Everlight Electronics Co, Ltd filed an invalidation action at the Taiwanese Intellectual Property Office (TIPO) against Nichia’s YAG patent, citing issues relating to:
- novelty, based on the disclosure of a brochure published in 1995; and
- inventive step, based on the combination of prior art (including JPH 5-152609, JP 49-1221 and EP 0209942).
The TIPO accepted the evidence (including the brochure) and found the YAG patent invalid. Nichia appealed before the Ministry of Economic Affairs (MOEA). The MOEA deemed the brochure inadmissible, but agreed that the combination of the prior art demonstrated a lack of inventive step and therefore dismissed the appeal. Nichia then appealed to Taiwan’s IP Court, which also dismissed Nichia’s appeal due to a lack of inventive step.

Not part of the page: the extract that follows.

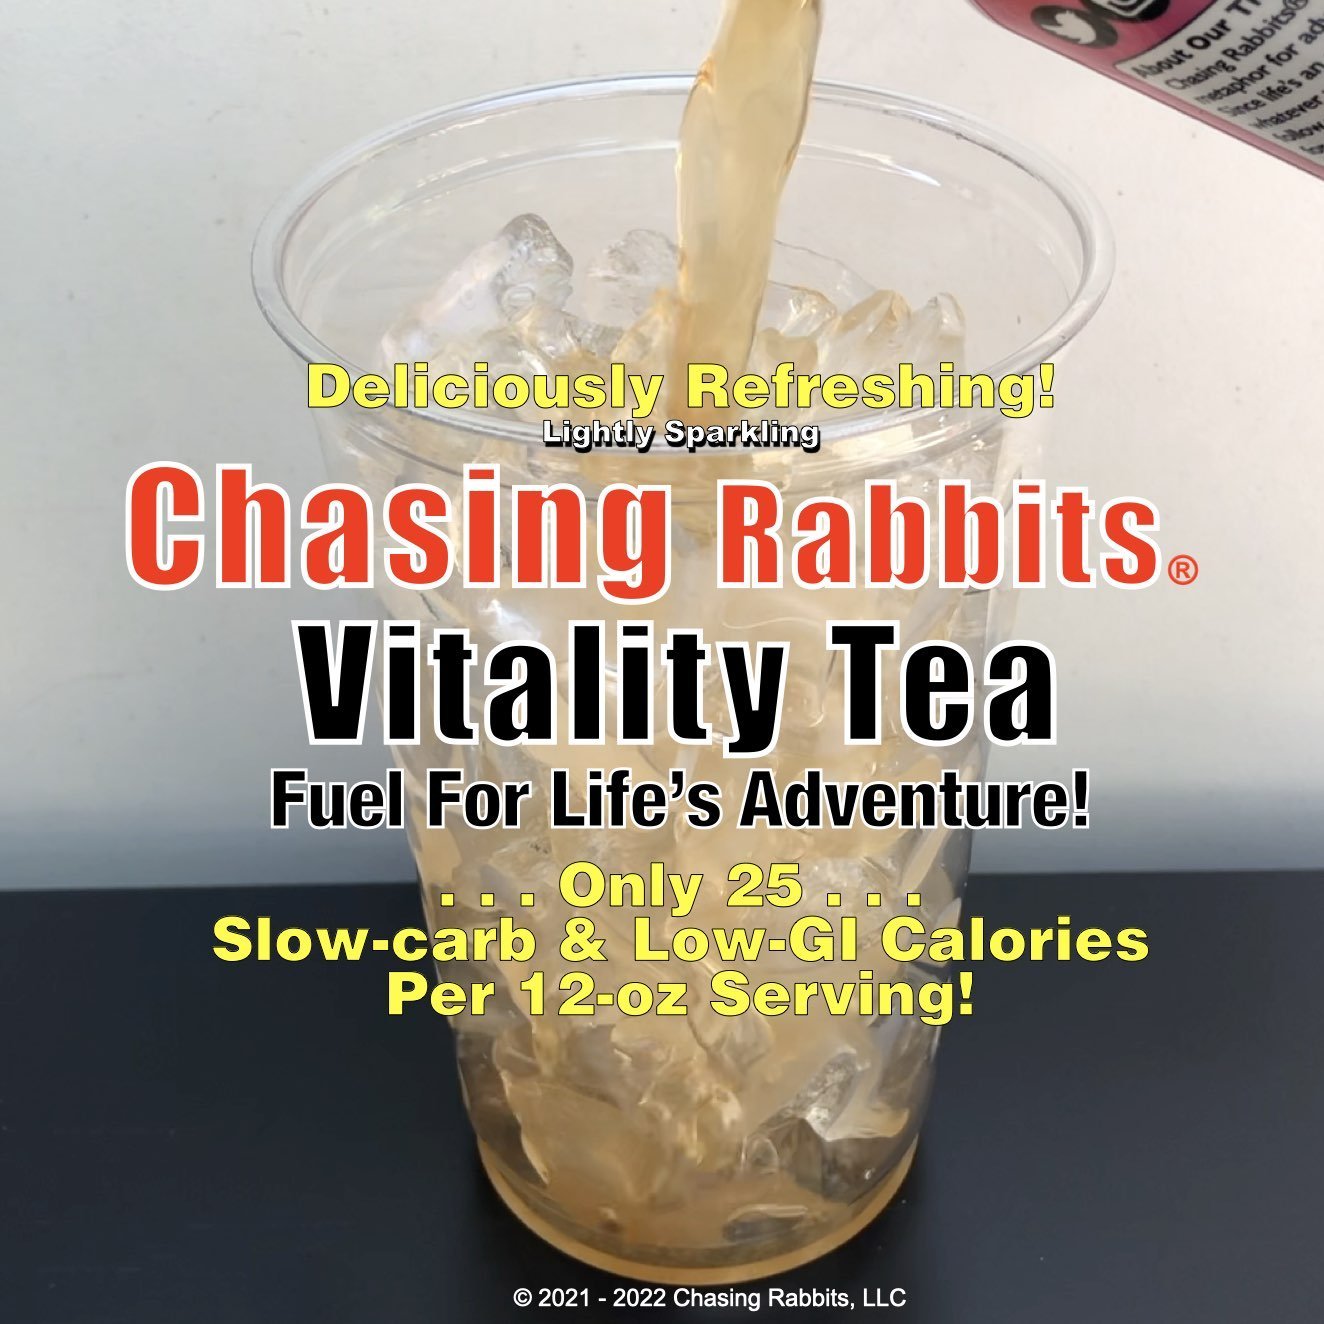 Deliciously Refreshing Chasing Rabbits® Vitality Tea

The IP Court reasoned that the document provided by Everlight could not be classified as a brochure as it was only one page of a two-sided printed document and no subsequent pages were found. Further, Everlight could not prove the publication date of the brochure, as it was not signed by the writer or publisher. Therefore, the IP Court deemed the brochure inadmissible as evidence.
On the issue of inventive step, the Taiwan Patent Act stipulates that a patent must not be granted if a person ordinarily skilled in the relevant art can easily make the invention based on prior art. However, there has been an ongoing debate regarding the method of evaluating a skilled person’s motivation to combine two or more pieces of prior art. In this case, the IP Court reasoned that the items presented as evidence were alike in respect of the technical problem to be solved, the functions and the technical effects, and those items of evidence were considered probative (as they were similar, close and relevant to each other). Further, the IP Court suggested that it was foreseeable that skilled persons could combine the phosphor made of YAG (known as yellow phosphor) with the nitride light-emitting semiconductor compound (known as the blue chip) to obtain a white LED, in response to the high market demand for such products. Therefore, the IP Court concluded that the evidence submitted by Everlight could allow a person with the relevant skills to recreate the YAG patent invention.
The IP Court allowed Everlight to submit new evidence to strengthen its case, based primarily on Article 33 of the Intellectual Property Case Adjudication Act. A grant to submit new evidence, submitted by either the invalidating party or the participant, can also increase the efficiency of resolving disputes and avoid repeated filings for invalidation actions.
The German Federal Patent Court invalidated European Patent 936682, which corresponds to Nichia’s Taiwan Invention Patent TW156177. However, the German Federal Supreme Court reversed the decision and held that the patent was valid. Further, the US Court of Appeals for the Federal Court invalidated Nichia’s US Patent 5,998,925, which corresponds to Nichia’s Taiwan invention patent.
In the present Taiwanese case, Nichia has appealed the IP Court decision to Taiwan’s Supreme Administrative Court.